– Понятия не имею, – Паула пожала плечами. – Но дети могут пожить у нас. Если социалка разрешит.
– Вряд ли у них будут возражения, – сказал Патрик.
По коридору к ним направлялся врач, и Хедстрём поднялся. Это был тот же врач, который информировал его в течение всей ночи.
– Приветствую, – сказал он и протянул руку Пауле и Мартину. – Меня зовут Антон Ларссон, я заведующий отделением.
– Есть новости? – спросил Патрик, с гримасой отвращения допивая кофе.
– Нет. Состояние Амины по-прежнему критическое – за ее жизнь борется целая бригада. Она сильно надышалась дымом, на больших участках кожи ожоги третьей степени. Пострадавшая на искусственной вентиляции легких и получает капельницу, чтобы восстановить потерю жидкости в результате ожогов.
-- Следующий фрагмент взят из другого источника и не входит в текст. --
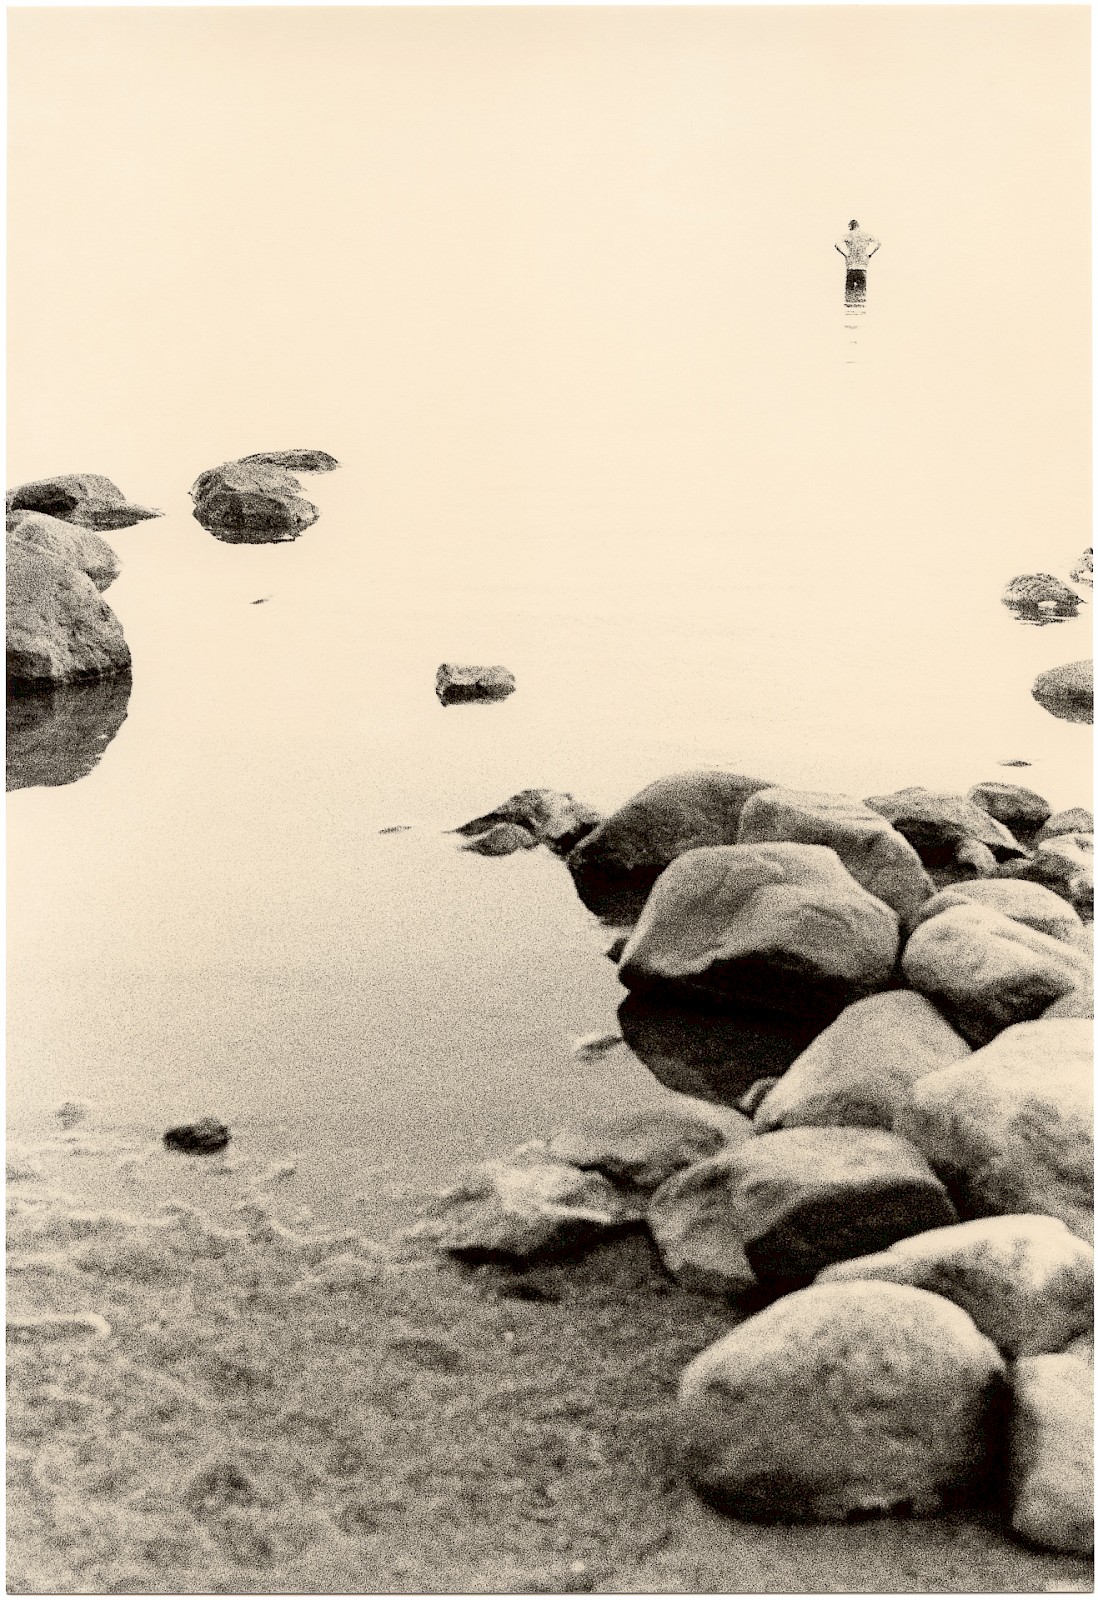 Untitled (rocks and man), silver gelatin photograph by Mikael Siirilä
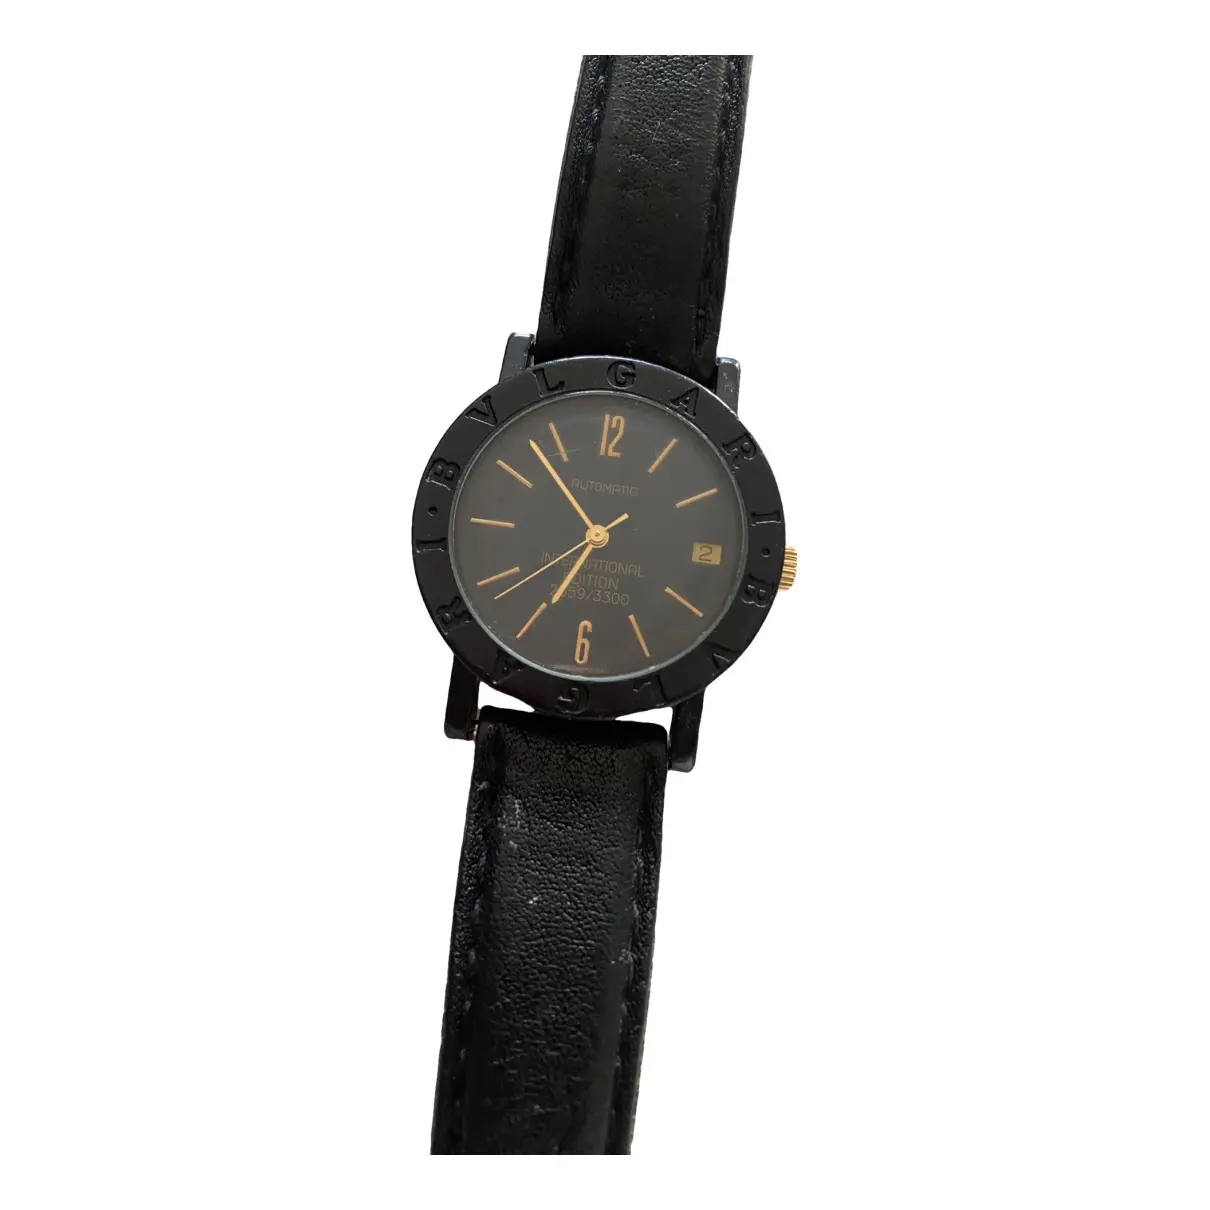 Carbon Gold watch

Ими мы занимались всю ночь.
– А Карим? – спросил Мартин.
– Как я уже проинформировал вашего коллегу, у него поверхностные дермальные повреждения и небольшие нарушения дыхания, но в целом он почти не пострадал.
– Почему Амина пострадала куда сильнее, чем Карим? – спросила Паула.
Им пока не удалось восстановить последовательность событий – эксперты расследовали причины пожара, пытаясь выяснить, что произошло, однако поджог назывался как вероятная версия.
– Этот вопрос вы можете задать Кариму – он в сознании, и я могу выяснить у него, в состоянии ли он побеседовать с вами.
– Это было бы очень ценно, – ответил Патрик.
Вместе с Паулой и Мартином он в полном молчании ожидал возвращения врача. Через несколько минут тот снова появился в коридоре и махнул им рукой.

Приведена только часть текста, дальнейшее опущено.